The Equal Employment Opportunity Commission (“EEOC”) just released guidelines for enforcement of the Pregnancy Discrimination Act (“PDA”), in an effort to reduce discrimination in the workplace. The agency pointed to an increase in the number of claims filed over the past decade, as it reminded employers of all the forms pregnancy discrimination can take.
This is the first time the EEOC has updated its pregnancy discrimination enforcement guidelines since 1983, and the agency’s timing is noteworthy. The U.S. Supreme Court agreed to hear the Fourth Circuit decision of Young v. United Parcel Service, (http://www.scotusblog.com/case-files/cases/young-v-united-parcel-service/) concerning accommodations employers must grant pregnant employees, as compared to those they must grant to non-pregnant employees.
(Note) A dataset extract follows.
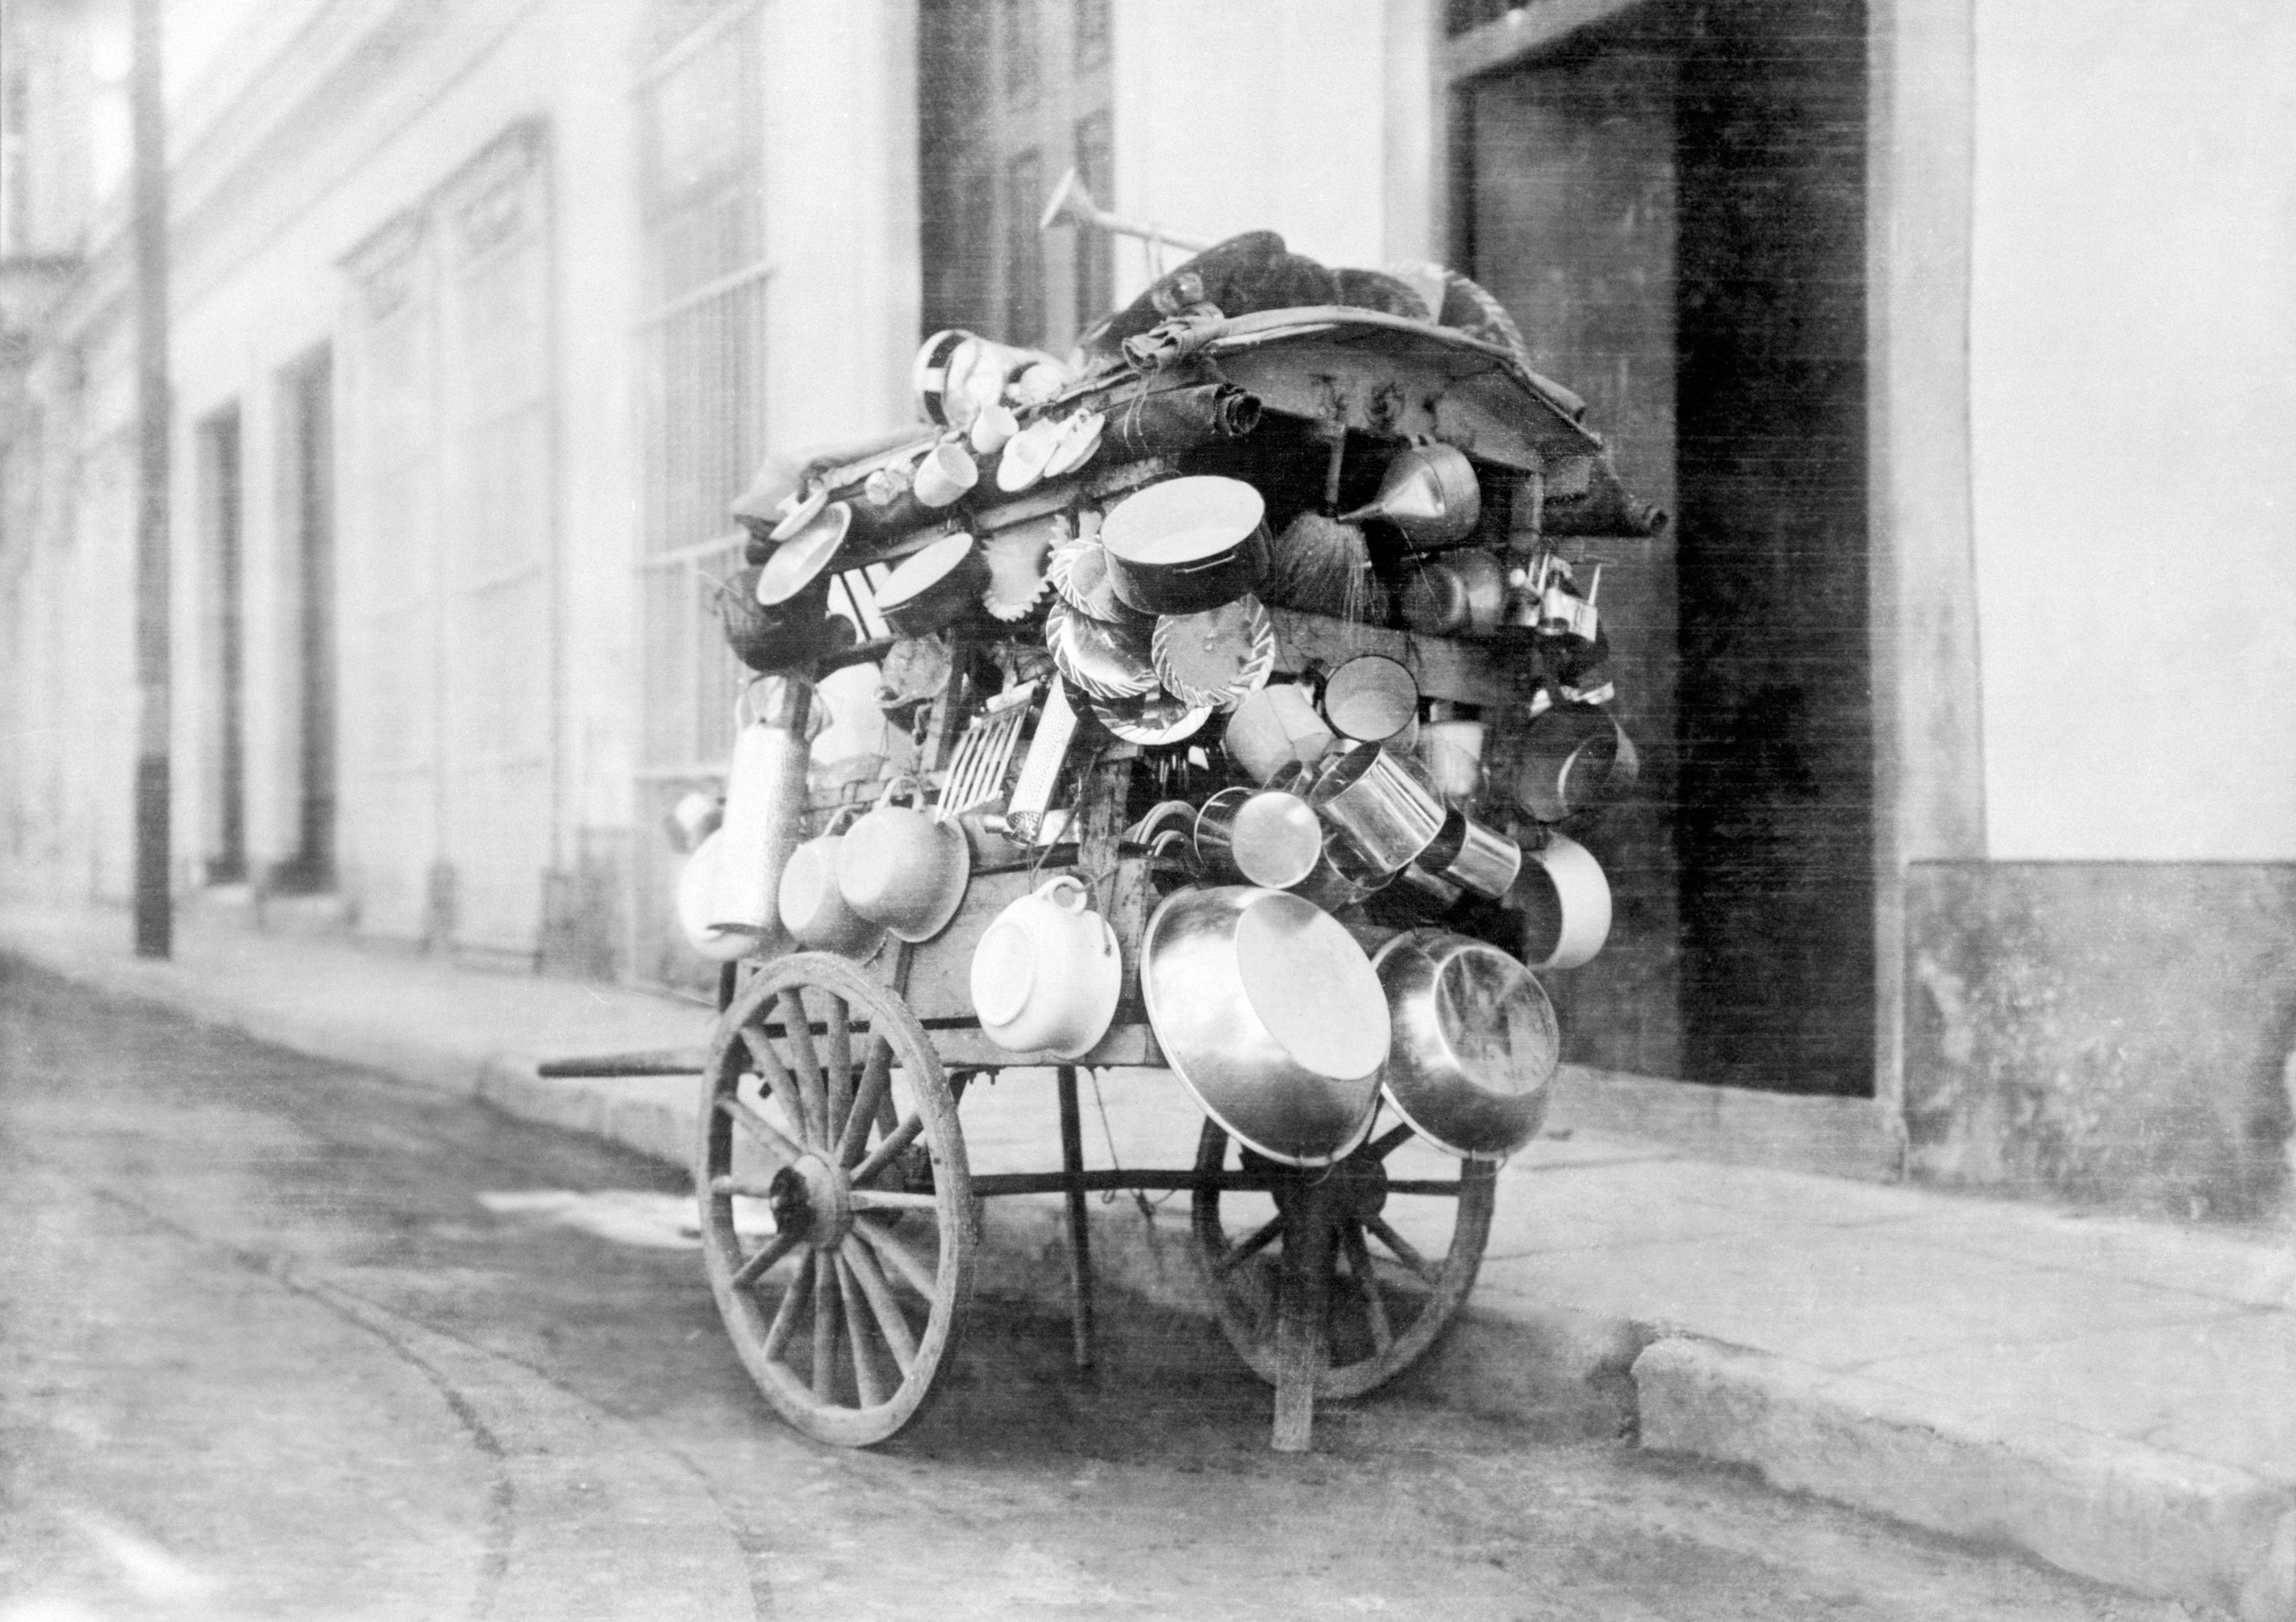 A peddler's cart in Havana, Cuba, 1925.

In the meantime, the guidelines provide useful reminders for employers. First, pregnancy discrimination is not limited to mistreatment of currently pregnant employees. Rather, adverse employment action that is taken because someone was pregnant, is pregnant, or plans to become pregnant, all constitute discrimination. Second, employers cannot force a pregnant employee to take a leave of absence, if she can perform the essential functions of her position. Employers must offer light work to such an employee, if any is available. Third, if an employer provides healthcare, it must cover pregnancy and related conditions.
Circumstances involving pregnant employees often present challenges for employers. In individual situations, employers who are unsure of how to proceed should consider contacting counsel for direction.